Je me ressaisis. Le salon avait été traité à l’anti-puces, il devait être relativement sûr. Si je courais jusque-là bas, rebranchais le boîtier, courais jusqu’à une salle d’eau et procédais à des ablutions méticuleuses, les chances étaient très largement de mon côté. Et de toute façon, je n’avais pas le choix. Il le fallait. Quelle que soit la répugnance que m’inspiraient les puces. Je cherchai des vêtements couvrants, mais hélas ma chambre ne contenait que des affaires d’été. Je dénichai un chapeau que j’enfonçai sur mon crâne, j’entortillai mes bras dans les deux seuls foulards que je trouvai. Je commençai à enlever les affaires entassées devant la porte de ma chambre. Alors que j’enlevais les derniers habits fourrés sous le chambranle, je vis un point noir sur le lin blanc de la chemise qui scellait ma chambre. Elles étaient juste de l’autre côté de la porte ! Je renfonçai la chemise sous la porte de toutes mes forces, m’ouvrant la main contre le panneau de bois. Je rempilai les habits du plus vite que je le pus ; elles me guettaient. J’adressai une prière aux dieux pour qu’elles n’aient pas eu le temps d’entrer pendant l’intervalle où j’avais si stupidement ôté la barrière de tissus qui me protégeait. Sortir était désormais hors de question. Il me faudrait attendre ici. Mais attendre avec quoi ? Ma chambre ne contenait pour toute nourriture que quelques tablettes de cacao sucré, et pour tout liquide une bouteille de vin acheté à l’occasion d’une fête à laquelle une migraine m’avait finalement empêché d’aller.

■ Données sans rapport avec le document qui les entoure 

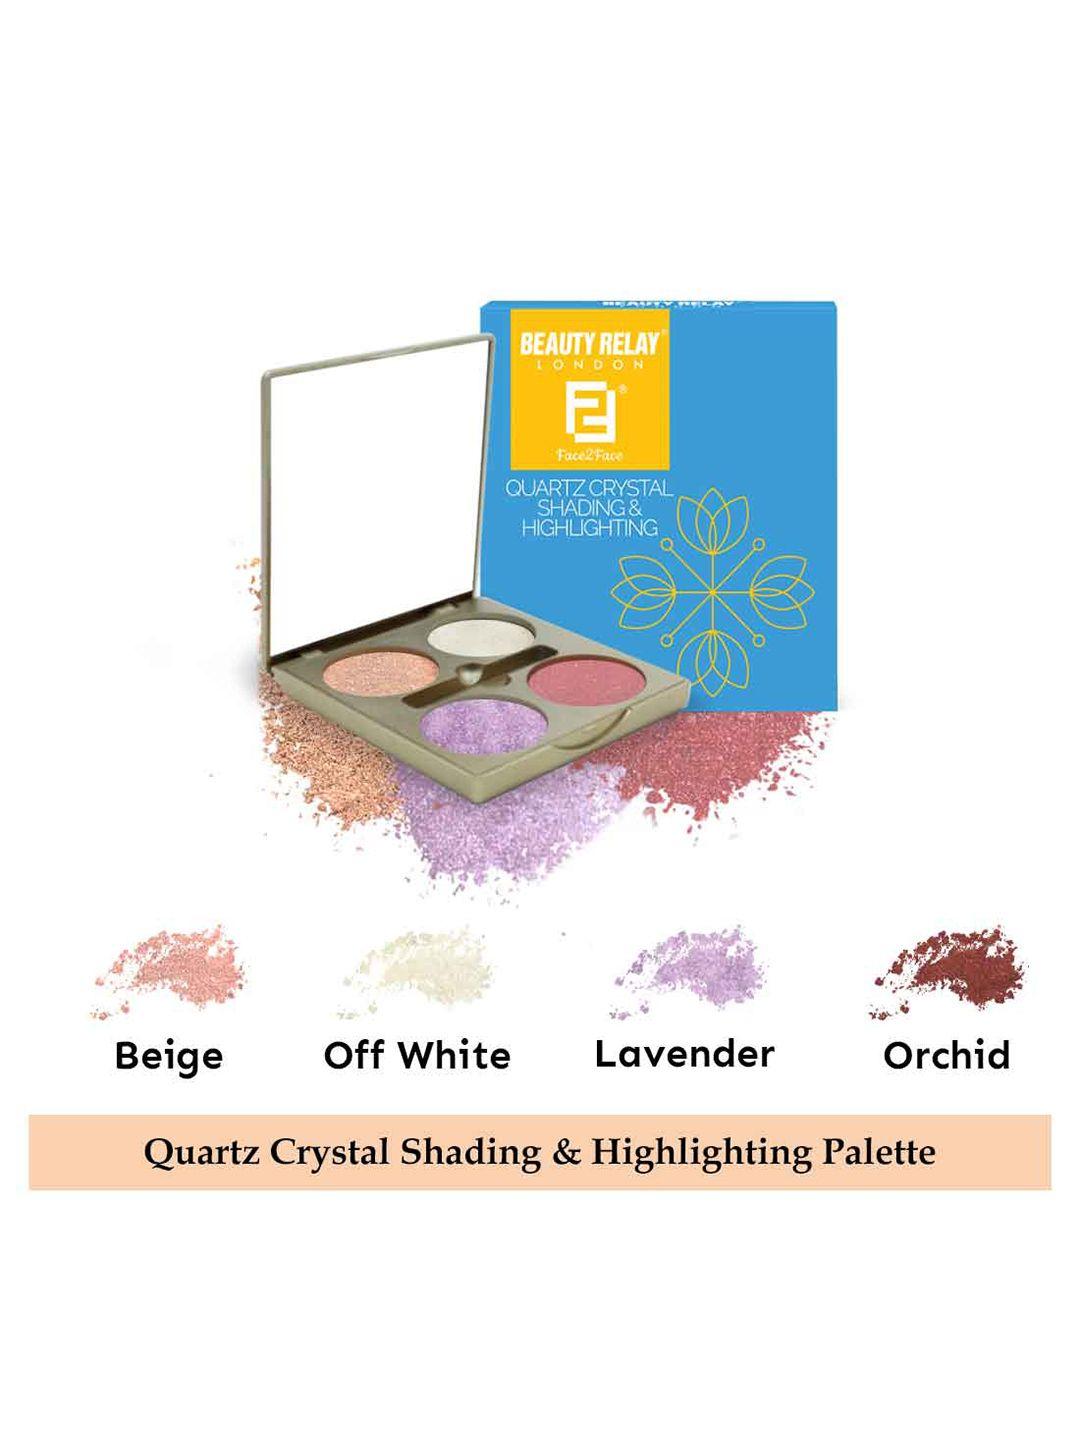 beautyrelay london face 2 face quartz crystal shading & highlighting palette

Les heures passèrent lentement. J’écoutai de la musique, je relus mes passages favoris de L’Invasion des Horlas, la saga magistrale de Maupassant, je jouai à New Hampshire Road Zero. Je fis durer la nourriture et la boisson le plus longtemps possible, mais du cacao et du vin ne durent jamais, et cela fait désormais plusieurs jours que mes maigres réserves sont épuisées. Il m’a été impossible de dormir, la chaleur et mon angoisse me tiennent éveillé, rendant mes pensées de plus en plus incohérentes. J’ai programmé la musique pour jouer en continu, et j’utilise mes dernières forces pour écrire ce récit. Bientôt je sauvegarderai le document, j’éteindrai l’ordinateur et j’irai m’allonger sur le lit. Je me tiendrai immobile et économiserai mes forces au maximum, et je prierai pour survivre jusqu’au retour de ma famille, qu’elle me délivre de cette prison forgée par la vermine et la veillée.